The most effective and efficient technique developed for killing at Auschwitz depended on the same pesticide that was used to kill the lice in prisoners' clothing. The disinfectant, sold under the trade name of Zyklon B, was in plentiful supply. Once exposed to properly heated air, the crystals produced lethal gas.

Canister labels, Zyklon B

Canister labels, Zyklon B

In the fall of 1941, the basement of cell block 11—the Auschwitz building where some of the most despicable punishments were meted out—was sealed and locked down. August Kowalczyk, a Polish political prisoner on a nearby work detail, witnessed the entire event. He reports that because they were still experimenting, Nazi judgments in error caused the murders to take place over a two-day period, instead of the expected half hour.

Massive Gas Chambers and Crematoria

By the early spring of 1943, four huge crematoria became fully operational at Auschwitz II (Birkenau). They housed eight gas chambers and forty-six ovens that could dispose of some 4,400 corpses per day. Trains would arrive at the camp and those most fit—approximately 10-30 percent of the arrivals—would be selected for a work detail. The remaining prisoners were sent to the gas chambers.

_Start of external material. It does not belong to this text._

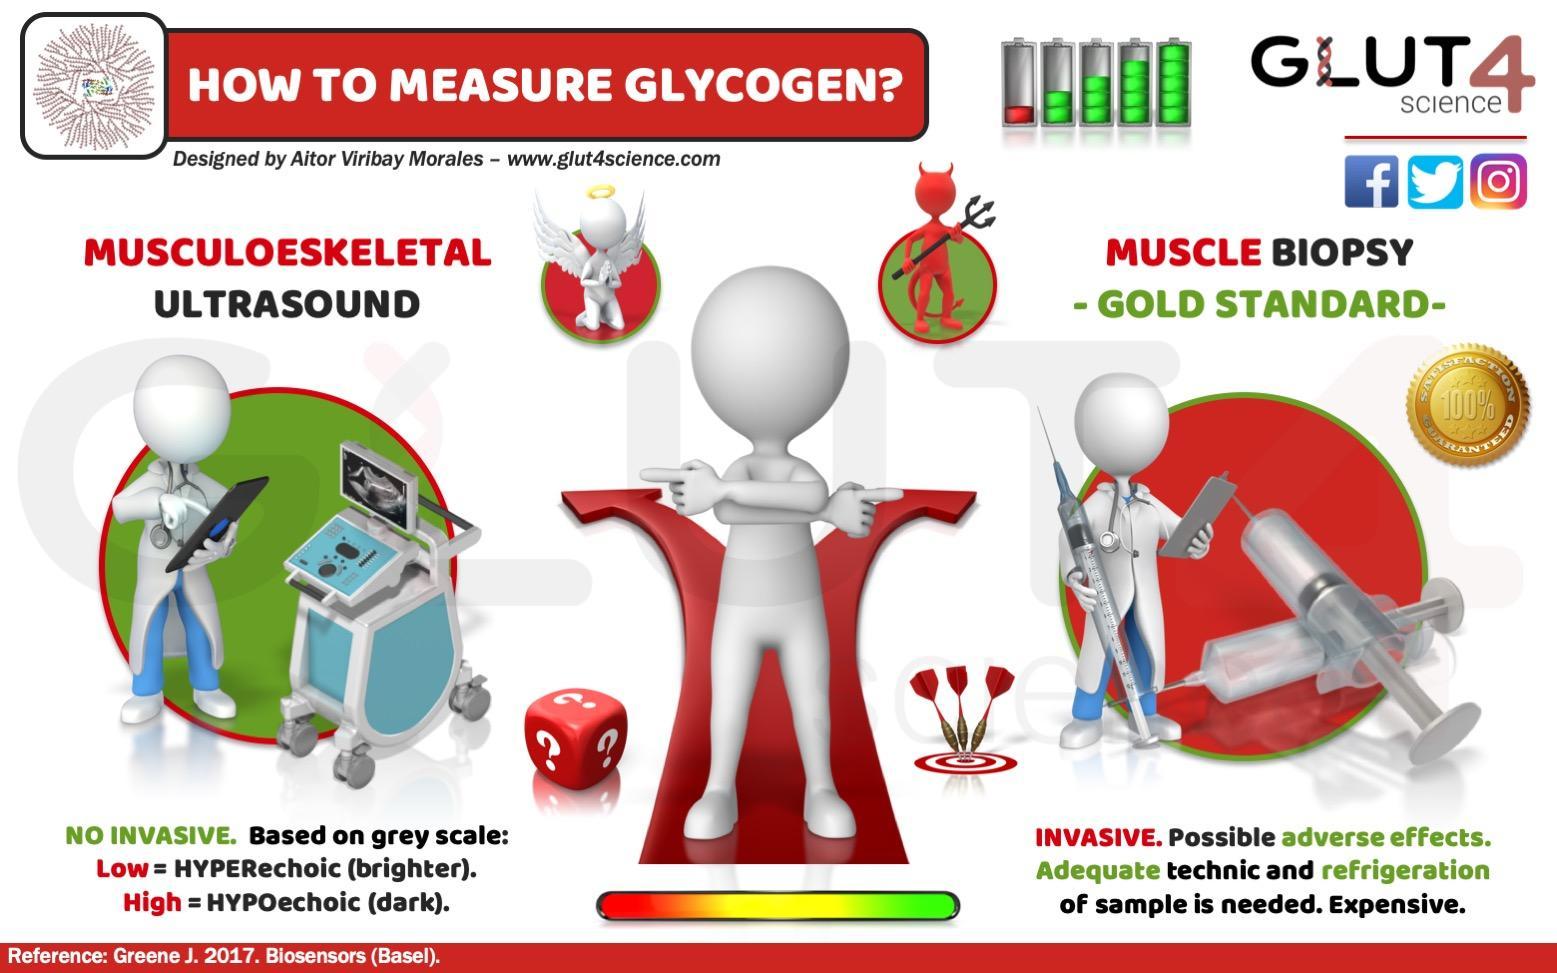 How to measure Glycogen?
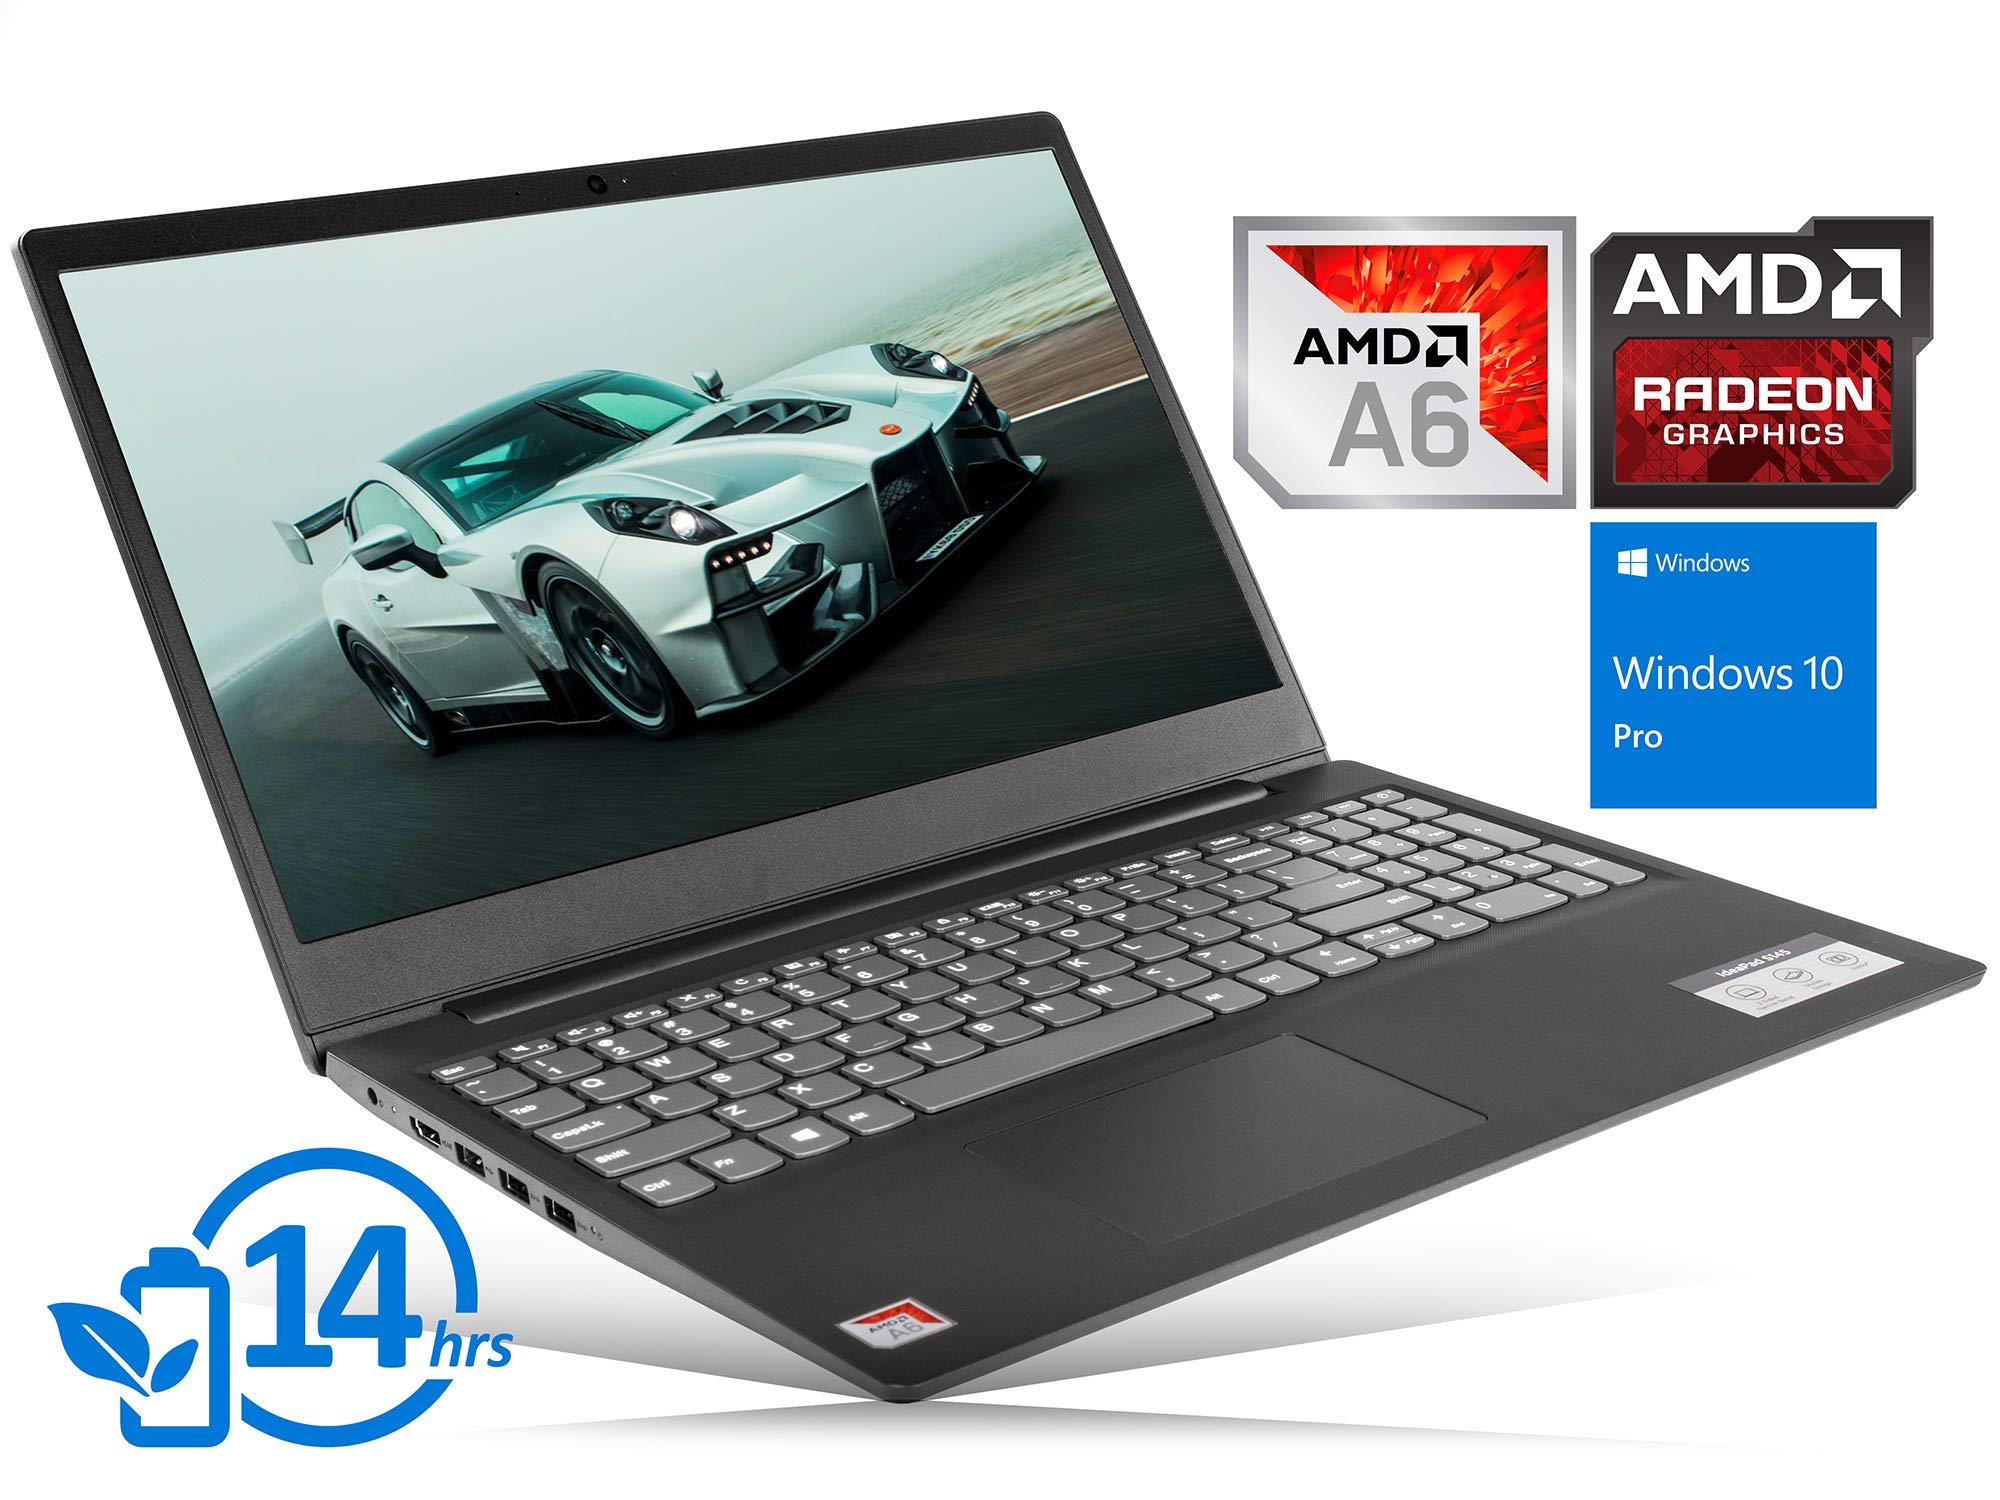 "Lenovo IdeaPad S145 Laptop, 15.6"" HD Display, AMD A6-9225 Upto 3.0GHz, 8GB RAM, 512GB SSD, HDMI, Card Reader, Wi-Fi, Bluetooth, Windows 10 Pro"

Prisoners assigned to a unit known as the Sonderkommando had to move the bodies from the gas chambers to the furnaces. Several bodies at a time were burned in a single oven. In May 1944 a serious bottle-neck occurred at Auschwitz, because the deportation and extermination of the Hungarian Jews was under way.

Auschwitz gas chamber (artist's rendition from original documents)

Auschwitz gas chamber (artist's rendition from original documents)

Numbering about 725,000, plus thousands more who were Christian converts but still counted as Jews by Nazi racial criteria, the Hungarian Jews were the largest Jewish group that remained alive in Nazi-dominated Europe. Between late April and early July 1944, more than 380,000 of them were brought to Auschwitz-Birkenau, where most were gassed and cremated. When the demand for corpse disposal overtaxed the camp’s ovens, camp authorities, needing to speed up the process, again resorted to burning bodies on pyres, using the huge pits that had been dug behind Crematorium V.

Precise counts of how many people actually were murdered in death camps can never be made because those marched off directly from the trains usually were not registered. However, a calculation that is both conservative and reliable indicates that at least 1.1 million people were gassed to death at Auschwitz—90 percent of them Jews.

Even with all of the death technology, the Germans could not cremate everyone they murdered during the Holocaust. As they retreated from the advancing Allied forces, they blew up the gas chambers and crematoria to destroy the evidence at Auschwitz. But the evidence lingered. In camps throughout Poland and Germany, tens of thousands of bodies remained stacked or spilling out into the cold winter snow.